5 In his report, the doctor had noted a fifteen per cent permanent partial disability of the whole body. (Ex. 2, 5.) At deposition, he corrected what he termed those "two typographical errors." (Ex. 6, 22.) These were more than scrivener's errors, however. The impartial physician's report is the equivalent of the doctor's testimony on direct examination, and "[e]ither party shall have the right to engage the impartial medical examiner to be deposed for purposes of cross-examination." G. L. c. 152, § 11A(2) (emphasis added).
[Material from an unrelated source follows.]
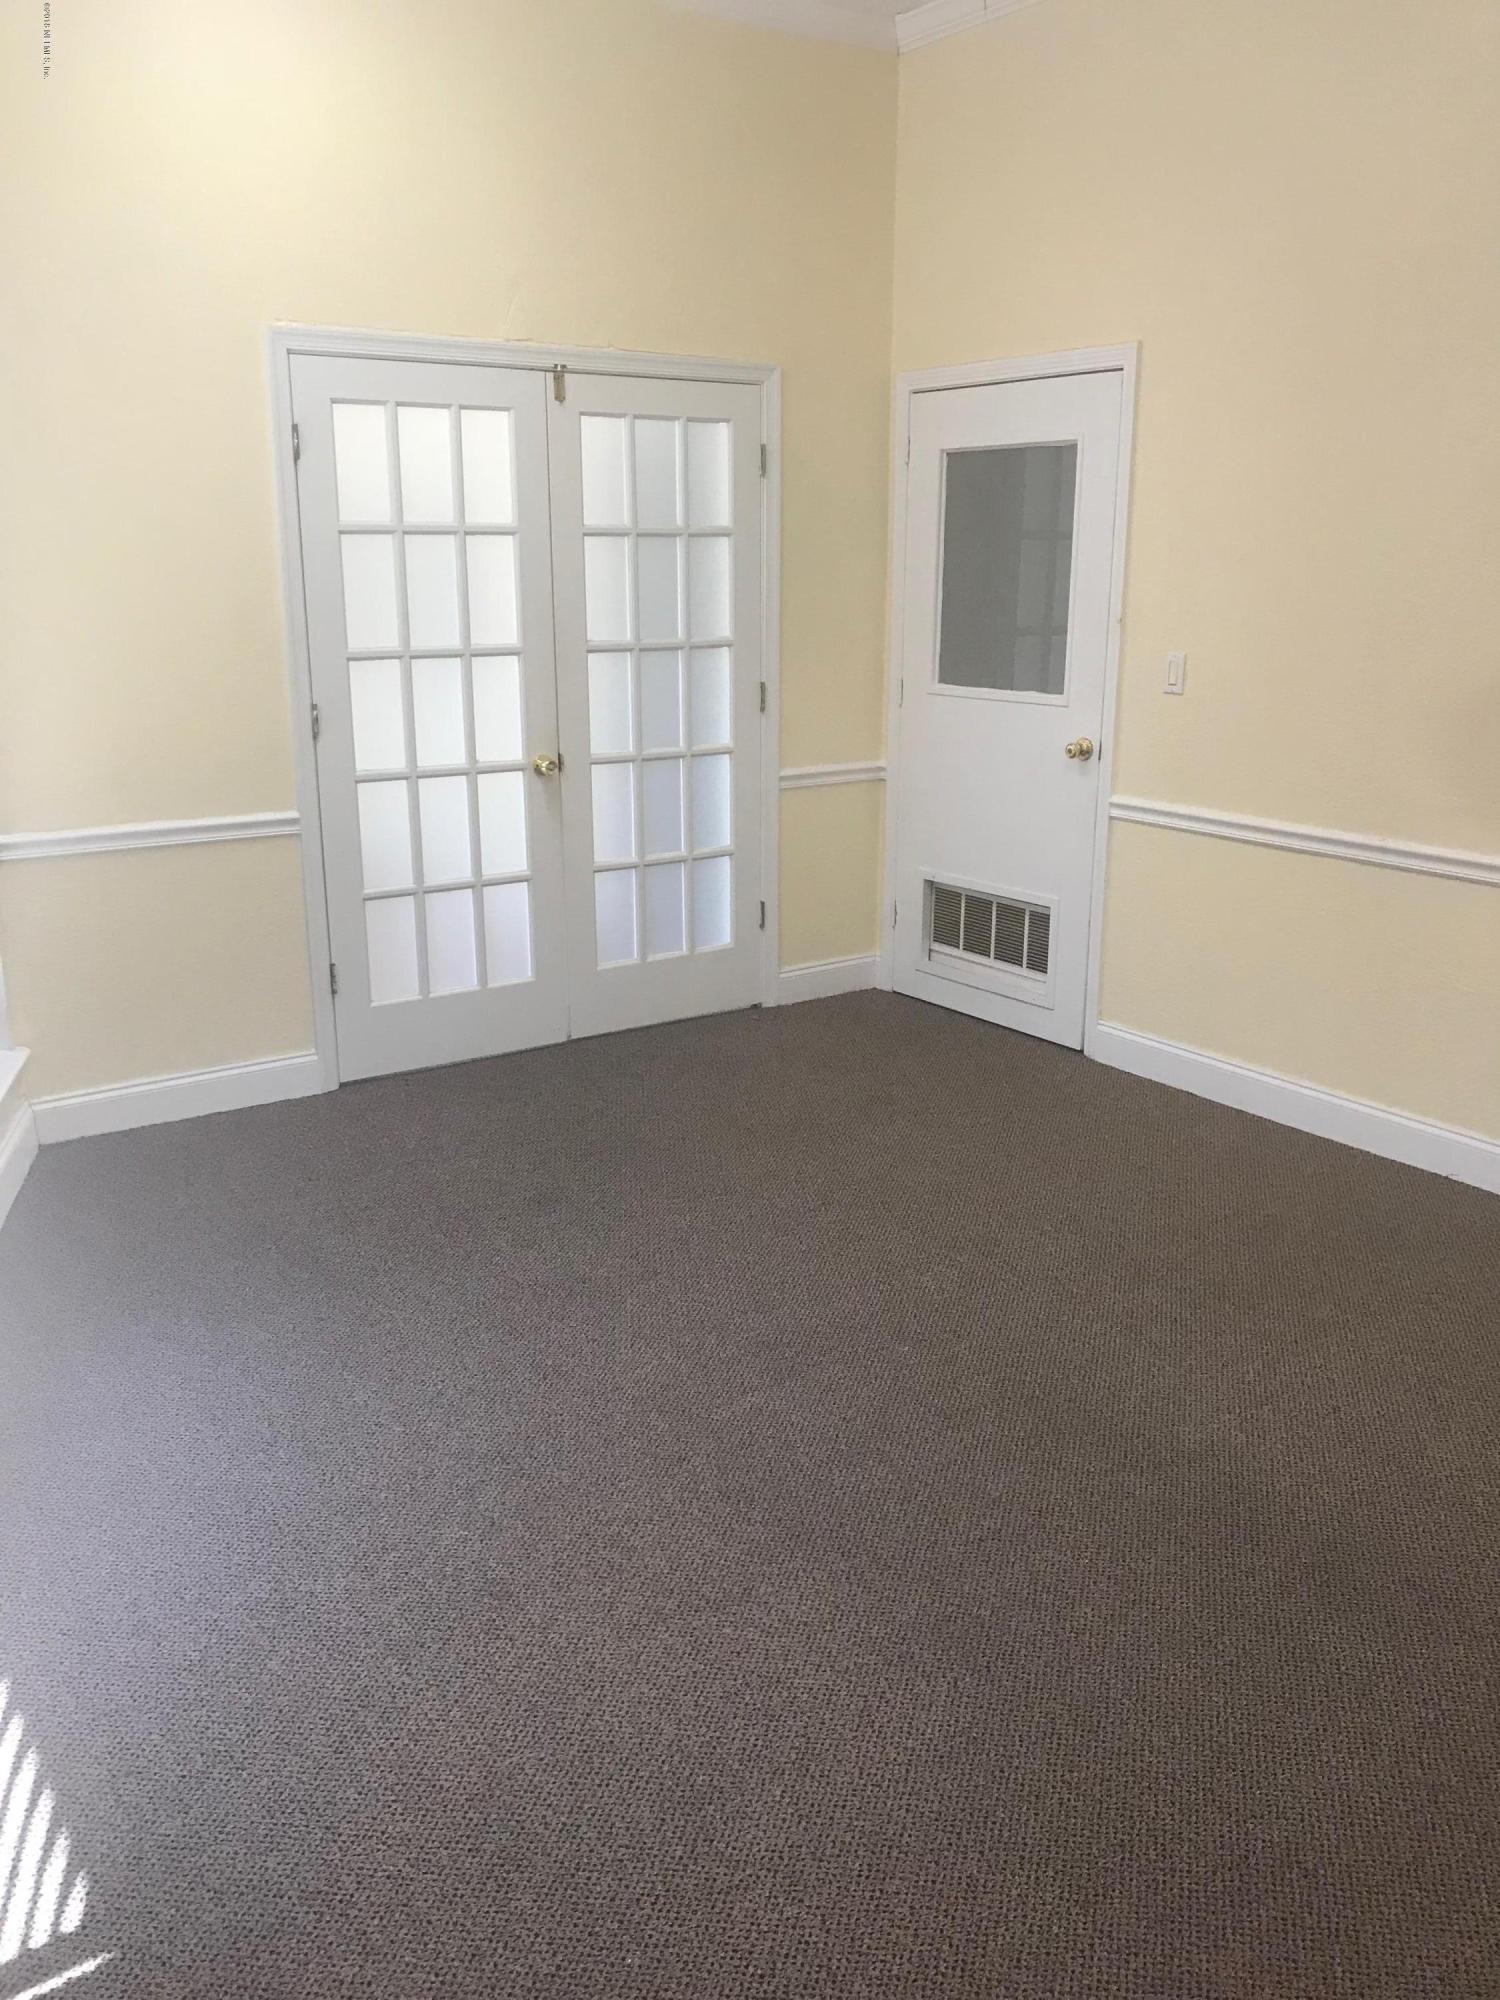 311 ASHLEY, JACKSONVILLE, FLORIDA 32202, ,Commercial,For sale,ASHLEY,970649

6 Not only does the employee misconstrue the § 11A opinion, he misapprehends the evidentiary weight it carried. Once additional medical evidence, warranting a contrary conclusion, is admitted, as it was in this case for reasons of medical complexity, (Dec. 4), the prima facie effort of the impartial physician's testimony ends. It no longer has special weight. "[T]he prima facie evidence in the impartial report loses its artificial legal force when it is met with other evidence that warrant's a contrary conclusion." Bedgunis v. Paul McGuire Chevrolet, 9 Mass. Workers' Comp. Rep. 801, 803 (1995), citing Cook v. Farm Serv. Stores, 301 Mass. 564, 566 (1938).
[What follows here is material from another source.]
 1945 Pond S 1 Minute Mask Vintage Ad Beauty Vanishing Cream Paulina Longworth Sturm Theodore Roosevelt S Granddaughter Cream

7 Notwithstanding his adoption of Dr. Freed's opinion as to partial medical disability, the judge inferred that the opinion was "based upon subjective complaints of pain." (Dec. 9.) He need not have drawn such an inference, given Dr. Freed's direct testimony that none of his findings upon examination of the employee was objective:
Q. And would it be fair to say, then, that the examination of the cervical spine, the lumbar spine, and your neurological examination -- that any findings that were made, number one, were subjective in nature, is that correct? They were subjective findings as opposed to objective findings?
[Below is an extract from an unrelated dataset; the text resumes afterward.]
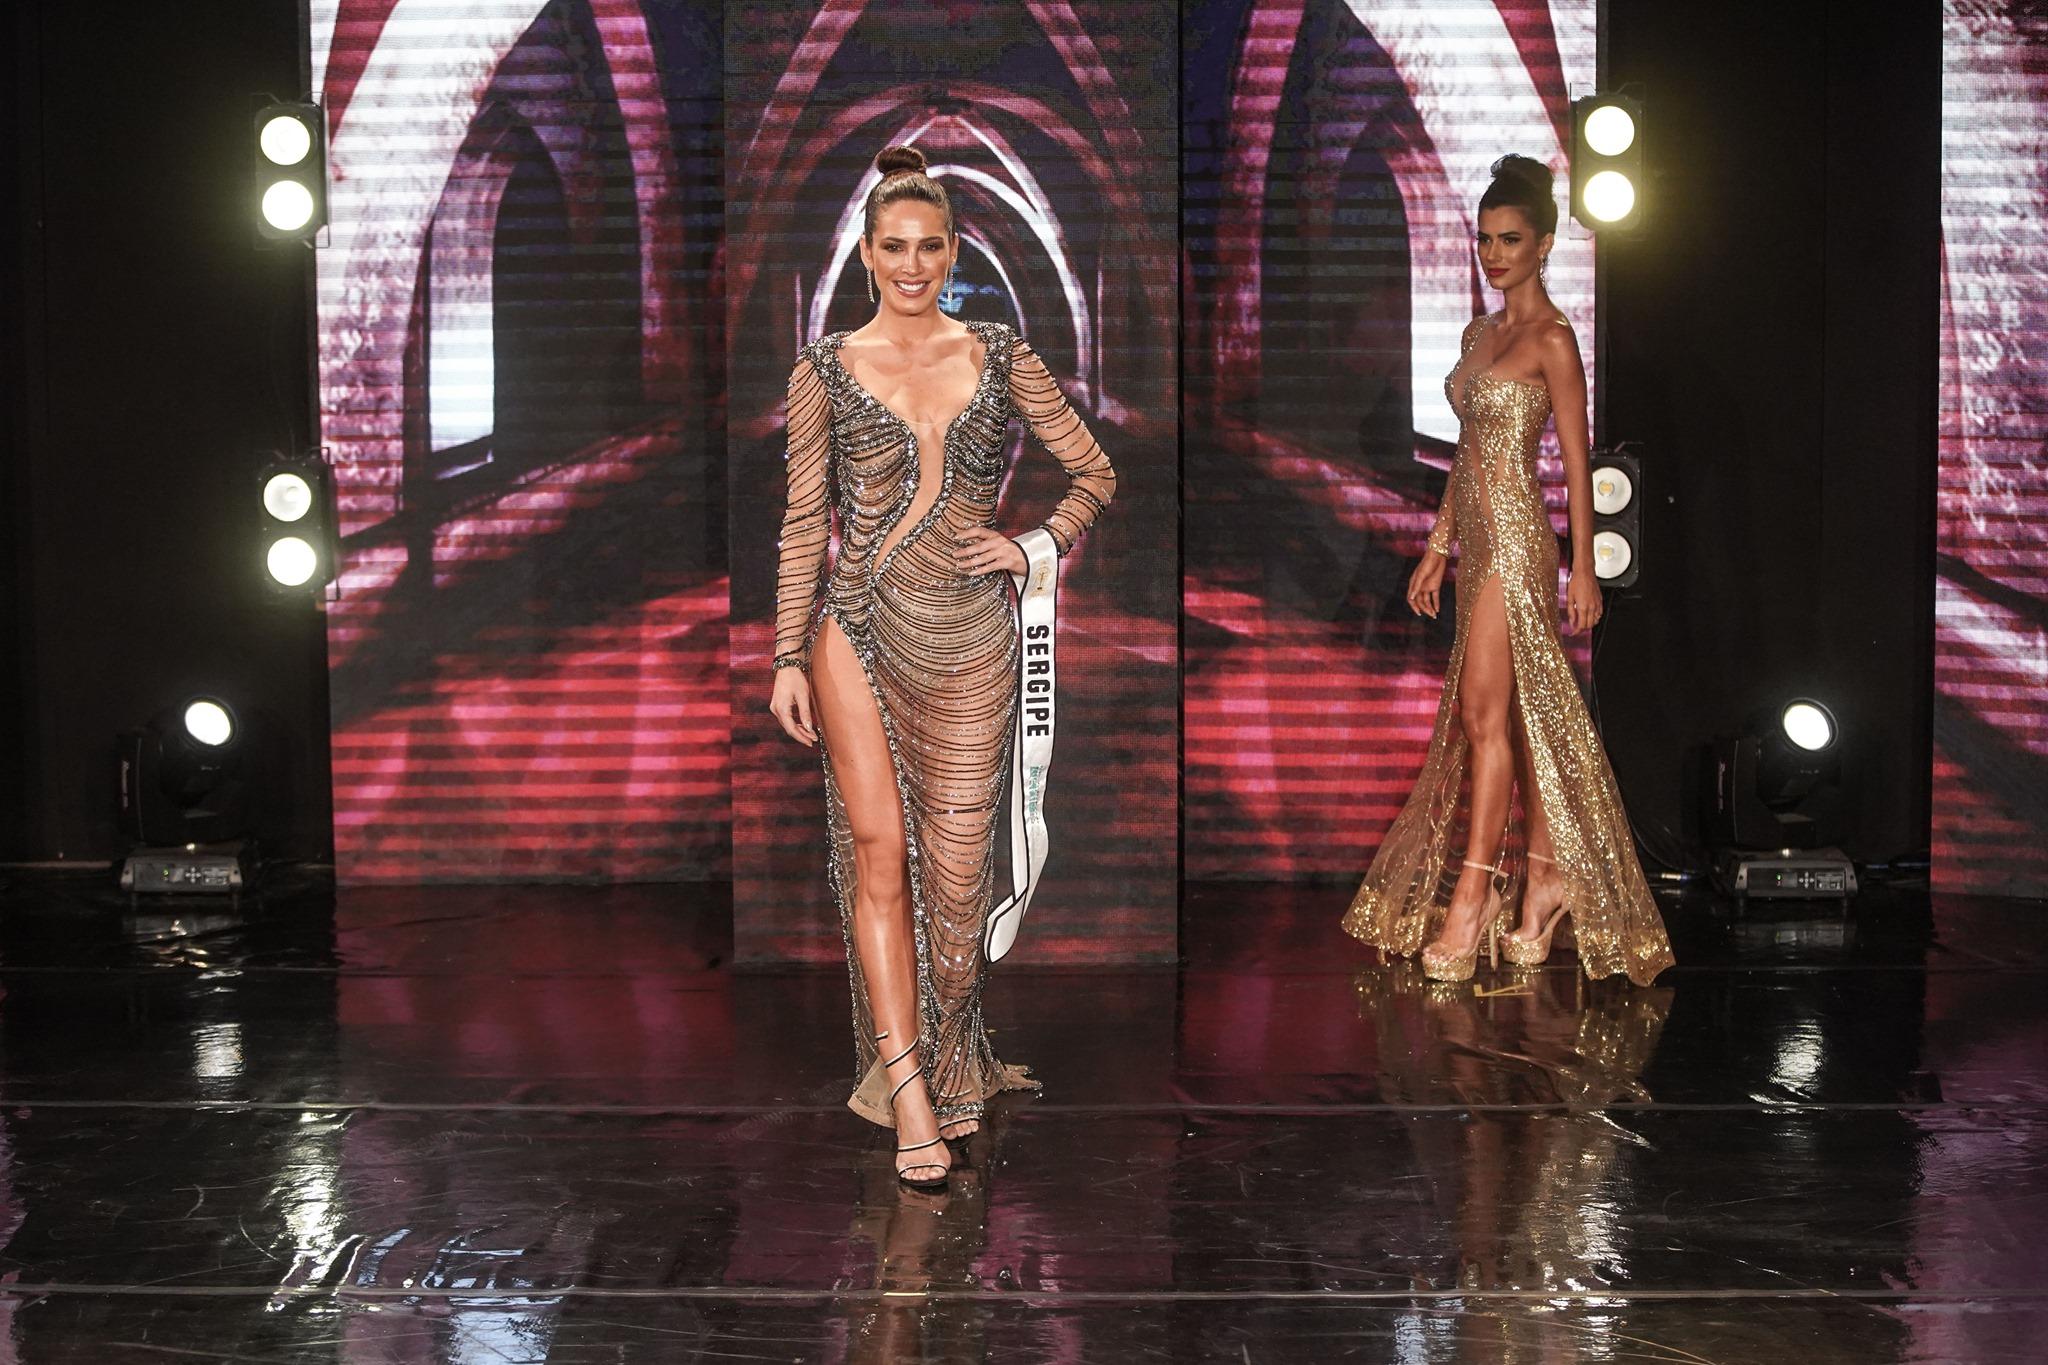 bruna zanardo, 1st runner-up de miss supranational brazil 2020/miss brasil internacional 2017/miss brasil terra 2016. - Página 18 12951210

Q. And, number two, that there was significant symptom magnification throughout the cervical and the lumbar examination?
Q. And when we talk about symptom magnification, Doctor, are we talking about the ability for the examiner to attribute veracity to the complaints of pain that the individual is making?
A. It does make it difficult for us.
(Ex. 6, 41-42.)
8 Dr. Donahue's May 24, 1999 examination of the employee was the second of three he performed on behalf of the insurer. See G. L. c. 152, § 45. All three of his reports were offered as exhibits at his August 20, 2001 deposition. (Ex. 7, 13, 18, 23.) Based on his first examination of the employee in July 27, 1998, the doctor testified that he was "unable to find an objective basis for orthopedic impairment," and "[h]aving found no impairment, I would be unable to find a disability or reason for restricting employment." ( Id. at 12.) Although the doctor's opinion was irrelevant for the period from July 27, 1998 to December 4, 1998, because the extent of the employee's incapacity benefits during that period was not an issue in controversy, see footnote 1 infra and Medley v. E. F. Hauserman Co., 14 Mass. Workers' Comp. Rep. 327-329 (2000), the judge could not have relied on and adopted Dr. Donahue's July 27, 1998 opinion to find no compensable incapacity from and after December 4, 1998.